Because of the multiple components with separate and potentially overlapping latencies underlying the N1 [25] we investigated three separate intervals in the N1 latency range which fit to the peaks N1a, N1b and N1c that have been described in the literature before [25, 26, 40, 43]. Intervals for the N1a and N1c peaks were defined to encompass the first and second peak of the N1 at temporal electrodes. The interval for the N1b peak was defined to encompass the broader N1 peak at central and frontal electrodes. Thus, ERP effects were investigated around the grand-average peaks in the latency range of 85–150 ms (N1b time window), 60–100 ms (N1a time window) and 115–150 ms (N1c time window) after stimulus onset (see Figure 1). ERP amplitudes were calculated from the individual averages as the mean amplitude within these specified analysis time windows. A repeated measurement analysis of variance (ANOVA) with the factors Attention (AS, AM, AV), Production (self-initiated vs. externally-initiated), Laterality (far left: F7, T7, P7; left: F3, C3, P3; midline: Fz, Cz, Pz; right: F4, C4, P4; far right: F8, T8, P8) and Anterior-Posterior (frontal: F7, F3, Fz, F4, F8; central: T7, C3, Cz, C4, T8; parietal: P7, P3, Pz, P4, P8) was computed for each N1 time window, on the mean amplitudes of the electrodes F7, T7, P7, F3, C3, P3, Fz, Cz, Pz, F4, C4, P4, F8, T8, P8. Moreover, in order to identify the sensory specific N1 component generated in auditory cortex, a further repeated measurement ANOVA with the factors Attention × Production was calculated for the mastoid signals in the latency range of 70-110 ms, since the generator for this component has a tangential orientation and results in N1 responses which are negative over frontocentral locations but are also recorded with inverted polarity on the mastoids.

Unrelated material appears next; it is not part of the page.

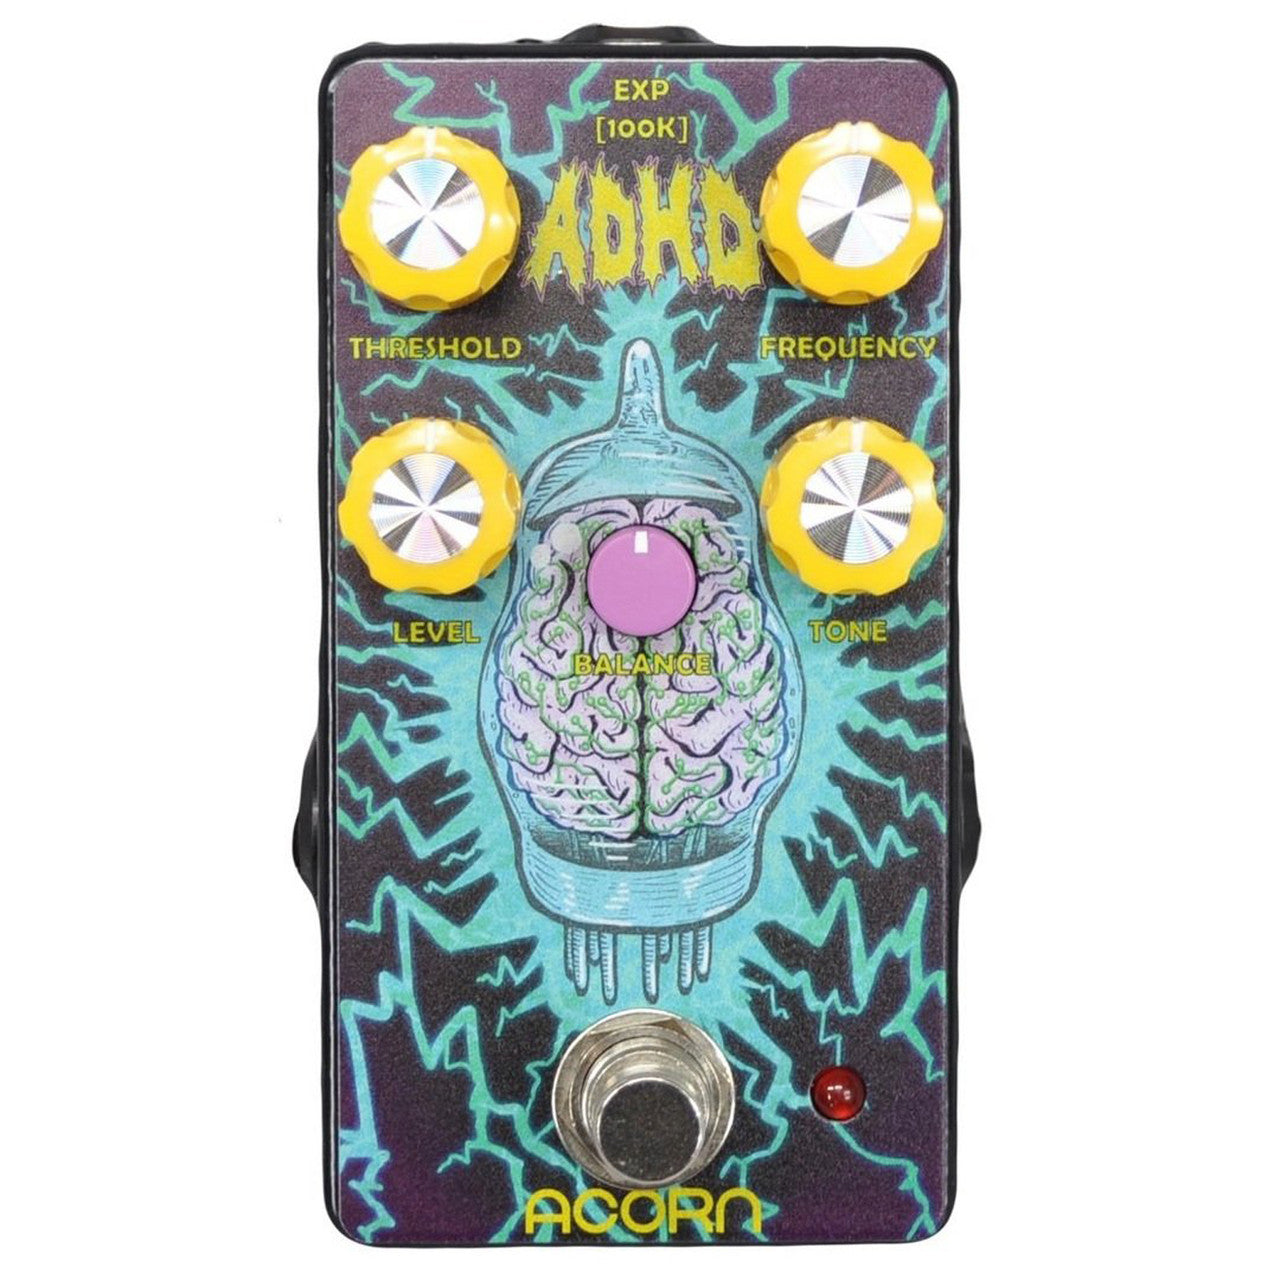 Acorn Amps “ADHD Synth Fuzz”

For studying the scalp topographies in the interesting latency ranges, ERP voltage distributions were transformed into scalp current density (SCD) distributions, computing the second spatial derivative of the interpolated potential distribution [44, 45]. The maximum degree of the Legendre polynomials was chosen to be 50, and the order of splines (m) was set to 4. A smoothing parameter lambda of 10−4 was applied. For behavioural data a one-way repeated ANOVA with the factor Attention was computed to compare inter-press time intervals, total number of button presses and timing errors for the self-initiation task between the attention conditions (AS, AM, AV). Furthermore, the counting rates of the attention task for all attention conditions were compared. The counting rates represent the total number of correctly counted events in relation to the total number of actual events of each attention condition. Greenhouse-Geisser correction was applied where appropriate. Additional pairwise comparisons (p-value alpha-adjusted using the Bonferroni correction) were conducted when appropriate to clarify the origin of significant effects. Only interactions that are relevant for the addressed question are reported.